> WHAT THE TASK REQUIRES:
Your answer should hold exactly the lines beginning with the one that contains "Lambes Oil Fuel Card" and ending with the last line of the material, both included. Leave every picture out.

> DATA EXCERPT:

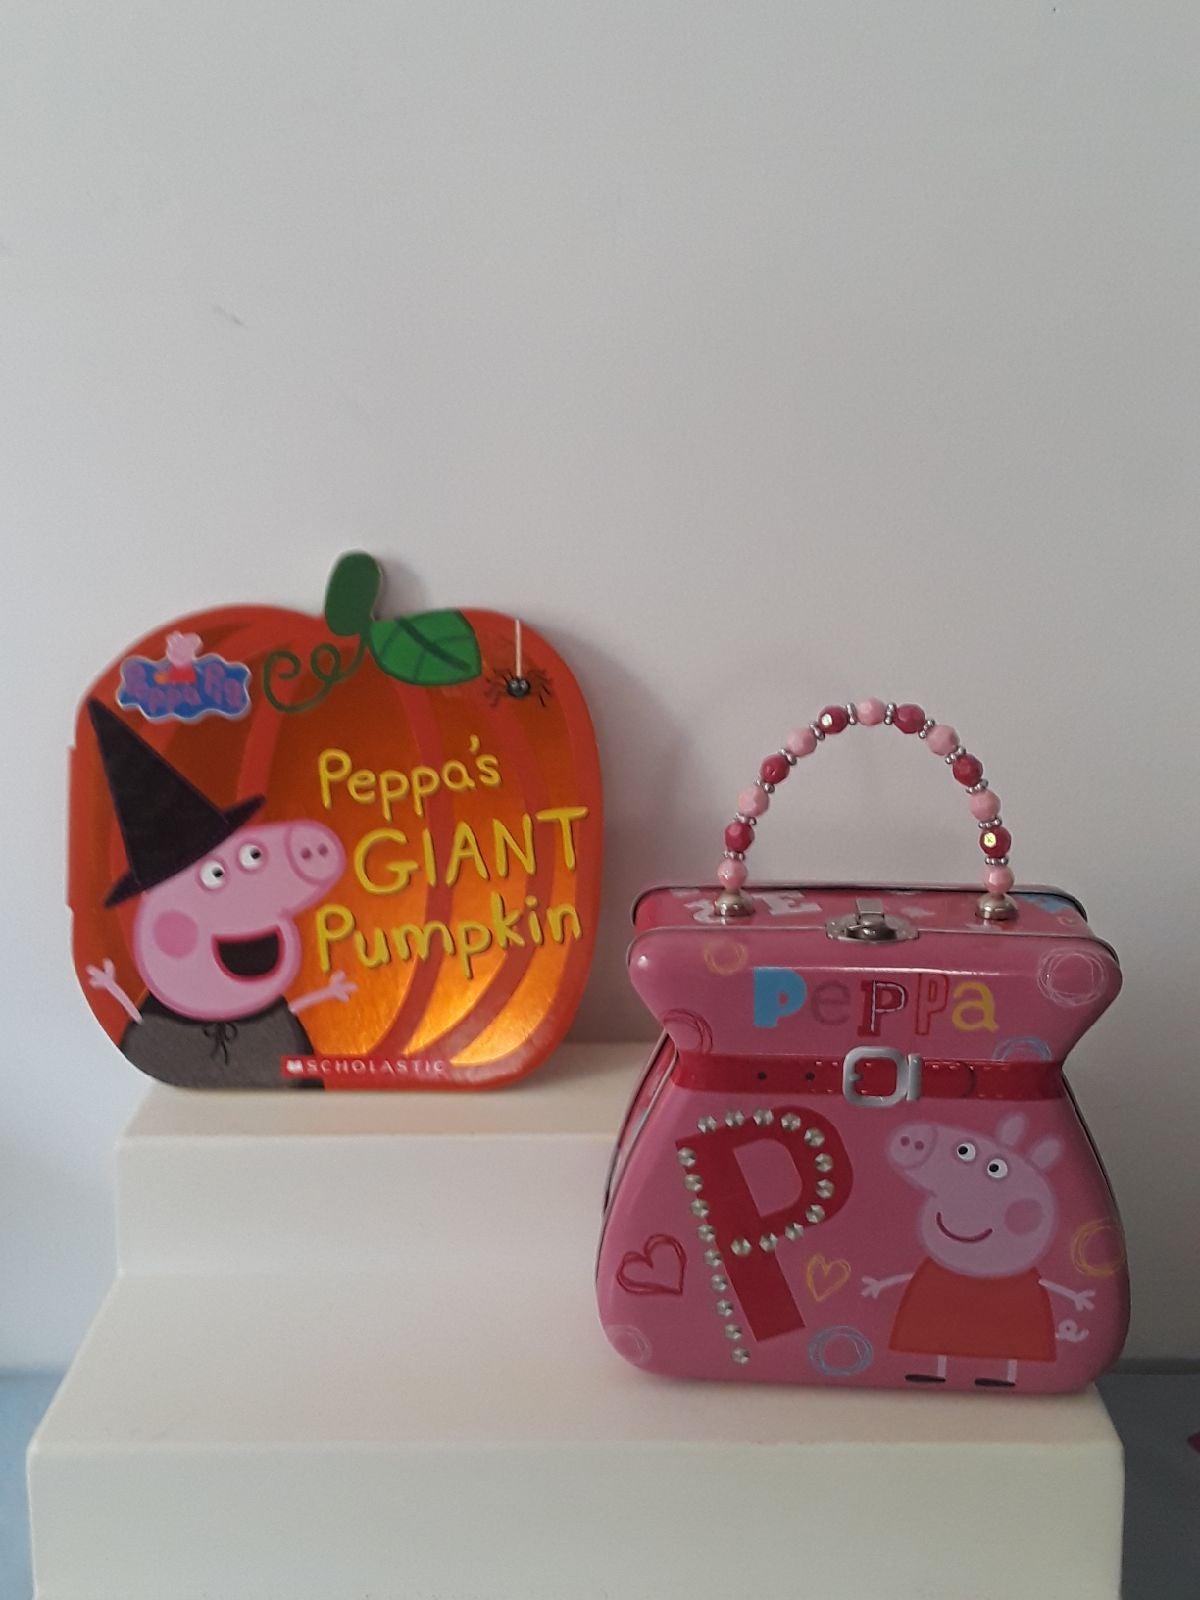 Peppa Pig giant pumpkin Book & Metal pur
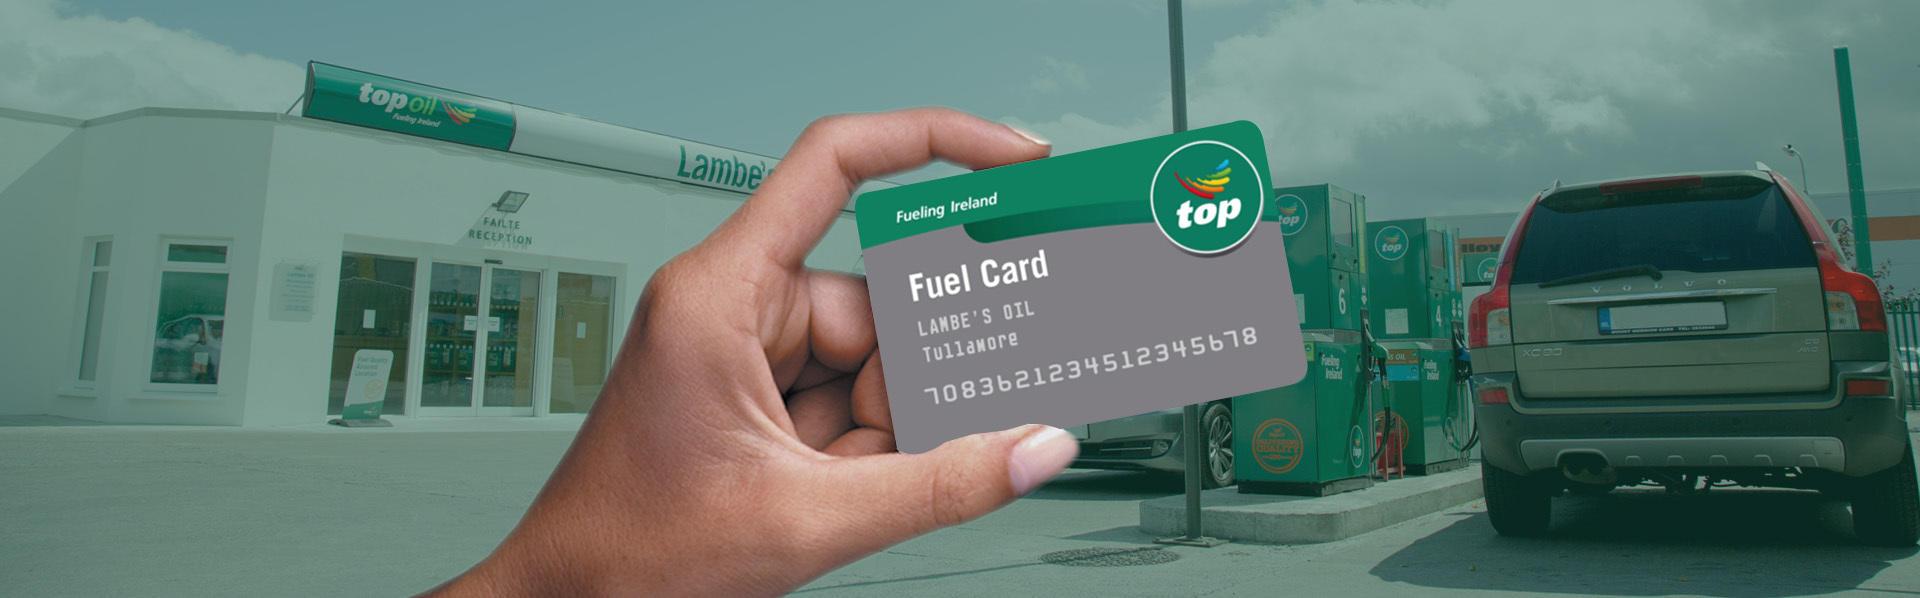 Lambes Oil Fuel Card
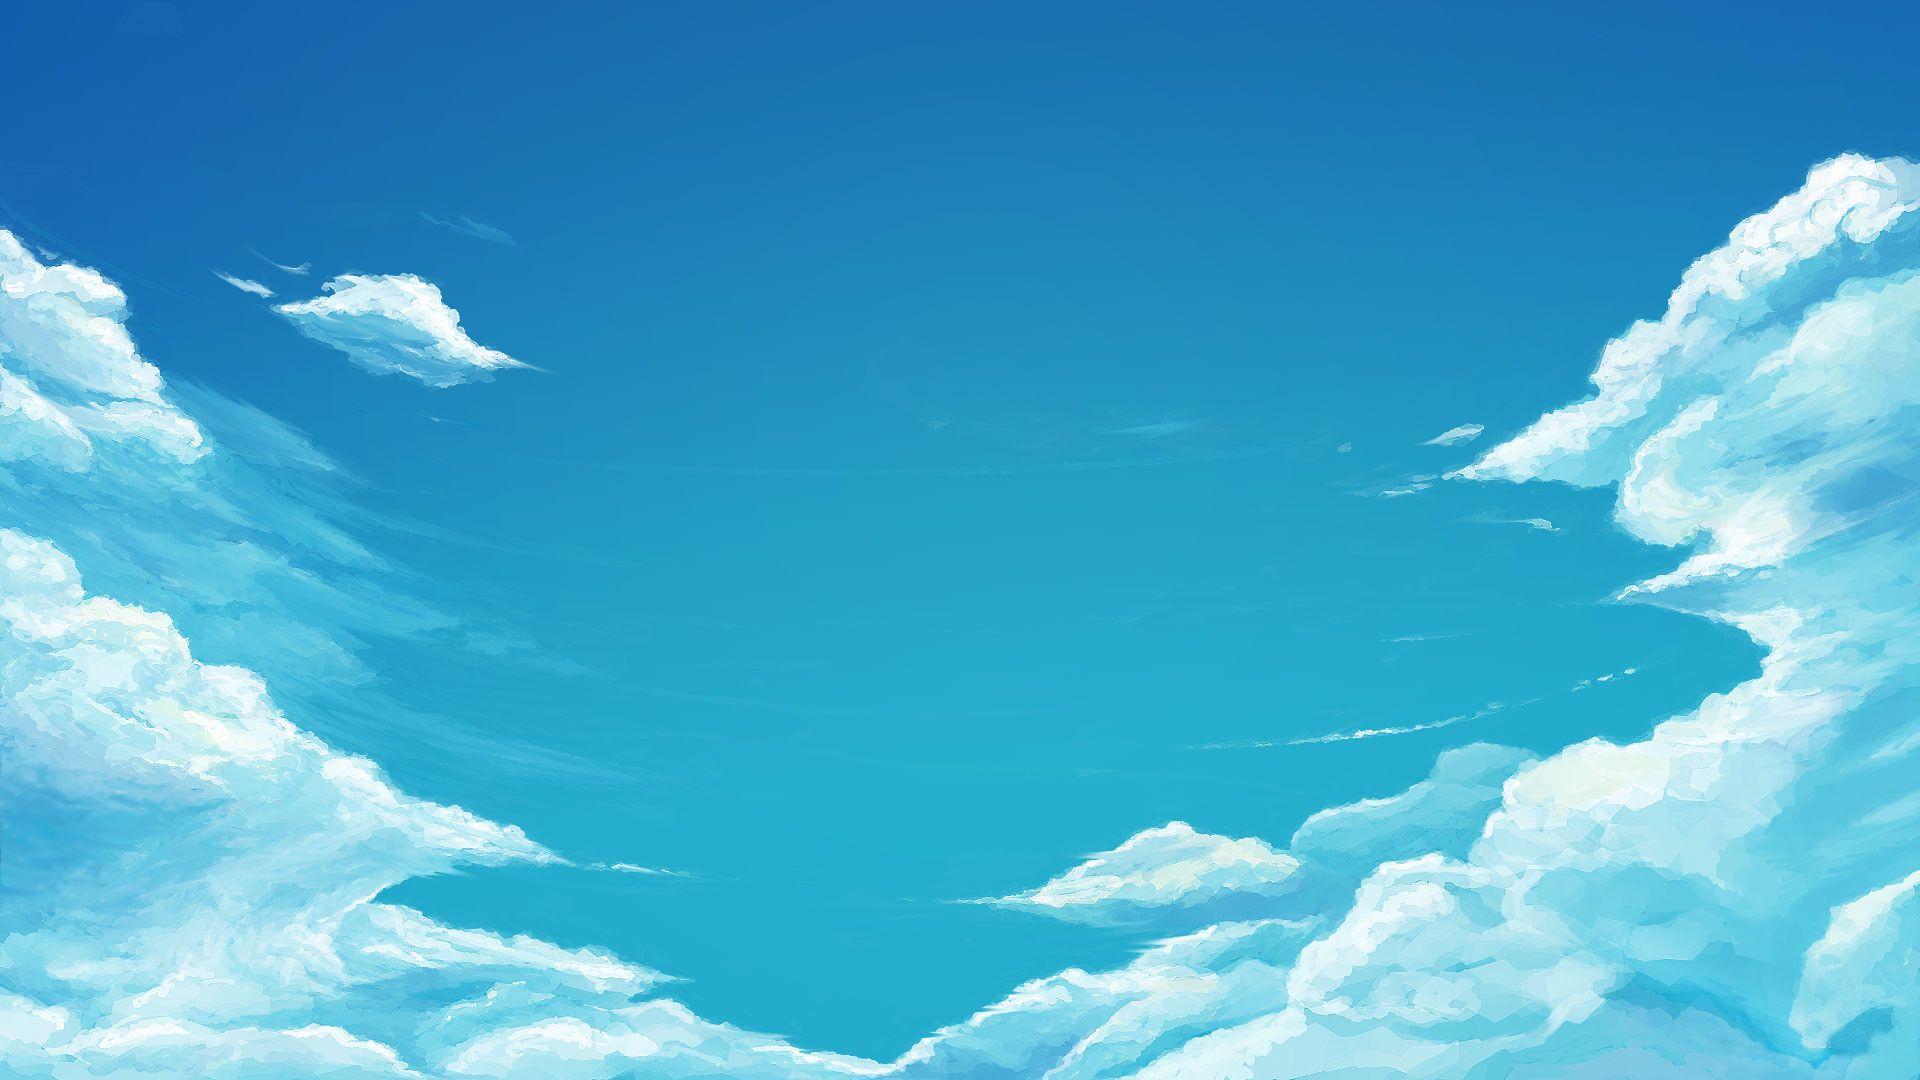 Anime sky wallpapers paisagens - Anime sky background ...

> ANSWER SECTION:
 Lambes Oil Fuel Card
 Anime sky wallpapers paisagens - Anime sky background ...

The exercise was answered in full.